Thought ya meant a World War II game.. Lol. Just a thought that if he's as active as you say he may not be the videogaming type (even a Wii).


----------



## GFreg (Dec 11, 2009)

Missdaisy said:


> I have 6 and 9 year old boys, the #1 game they play is Mario Kart.  Beware all the games your son is going to want are $50.  Plus all the accessories.  If you do get your son Mario Kart make sure you buy a steering wheel, they are like $10 at Walmart or Target.
> 
> For Christmas they both really really really want the New Super Mario Bros, it's brand new to Wii and they've got to have it.  Of course it's $50.




The New Super Mario Bros games is insanely addictive with friends.  My roommate has it and we usually get the neighbors to play with us for hours.  Wii games for a 5 year old...hmm.  Maybe Wii Sports and Wii Resort.  Both entertaining games that are plenty of fun to play with friends or family.  Mario and Sonic Go to the Olympics is pretty fun too.  They just came out with the Winter Games version that looks good.

Also, kids are growing up fast these days.  I remember when I was 5 years old.  I was playing with Lego and G.I. Joe...my parents didn't get me a Nintendo until I was like 10.


----------



## GFreg (Dec 11, 2009)

PhilGarber said:


> Just a thought that if he's as active as you say he may not be the videogaming type (even a Wii).



I agree with this.  I am not a father and I am not going to tell you how you should raise your children, but is this his first video game experience?  Are you buying him a Wii for Christmas and looking for complimentary games?  Wii is definitely a fun system and is designed to be played with others, but video games in general can easily become addictive and lead to antisocial behavior.  I know, you have probably heard it all before but I would feel bad if I didn't mention something.  Especially after my post about how "insanely addictive" the new Super Mario Bros game is.


----------



## ShotwellPhotography (Dec 11, 2009)

My 5year old son loves our Wii and loves Mario Kart, Wii sports, and Super Mario Brothers 3 (From the NES system and bought with Wii points on the Wii) We also have a Spongebob game for him, but that can frustrate him pretty easily.

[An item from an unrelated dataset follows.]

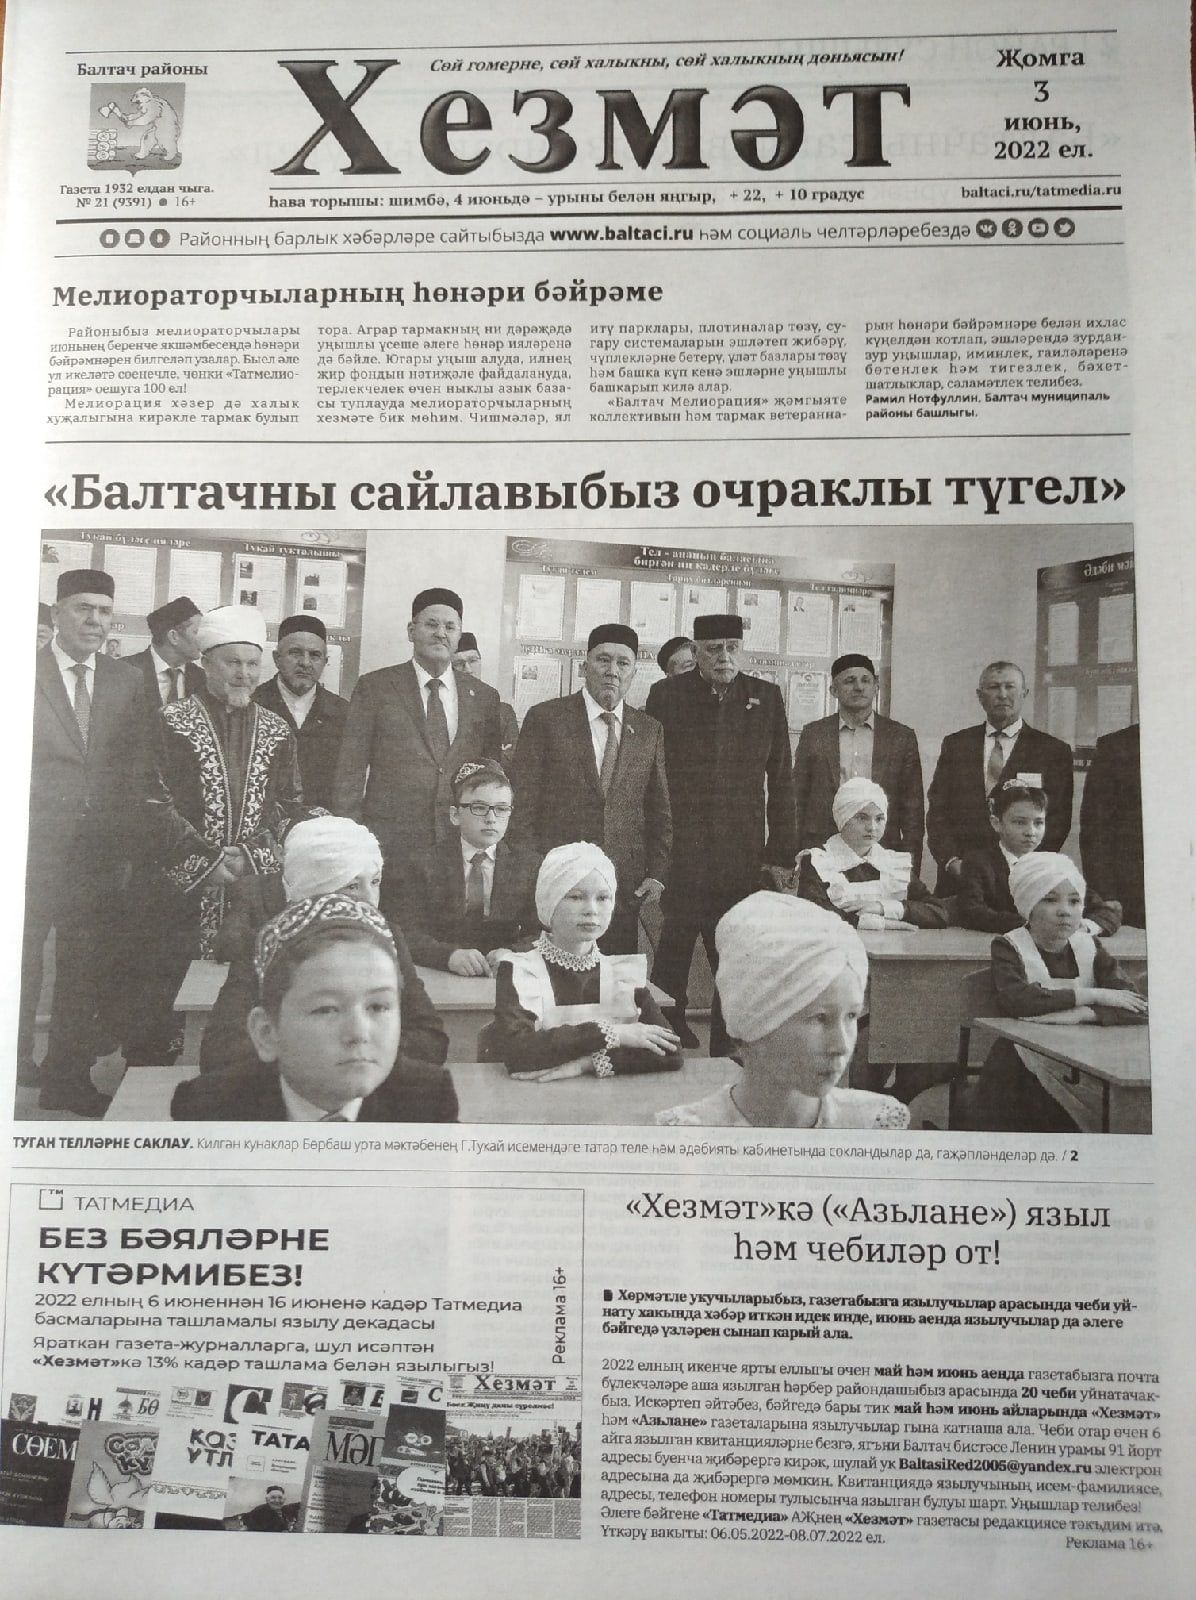 Газетаның 21нче санында (3 июнь, 2022 ел) чыгарылган белдерүләр һәм рекламалар

All that being said, it is not his Wii, I actually gave it to my wife for her bday. The adults of the house get way more use out of it than the kids. So unless you will be using it as well, or anyone else older in the house, that is a lot of money to spend on a 5 year old. While he loves the games, for most of them there is just a wall which he chooses not to pass.

I also think the Wii is great for motor skills. Since my son has started playing the Wii, I have noticed a big improvement in his hand eye coordination. Also in his problem solving skills. I am strict though about how he plays it. When he is actually trying to advance in the game, I let him play. But once i notice that he is just playing simply to be in front of the TV, I make him turn it off.


----------



## ignite-me (Dec 11, 2009)

Bring him out and do some exercise :lmao: personally don't recommend game console for kids since they are addictive


----------



## ShotwellPhotography (Dec 11, 2009)

They have the potential to be addictive, with proper parenting they are not.


----------



## Missdaisy (Dec 11, 2009)

ignite-me said:


> Bring him out and do some exercise :lmao: personally don't recommend game console for kids since they are addictive


 
Have you ever played Wii?  It's a workout in it's self.  Yes kids do need to get outside and play.  However, here in good ol Missouri it's been 7 degrees for days, my kids aren't going outside.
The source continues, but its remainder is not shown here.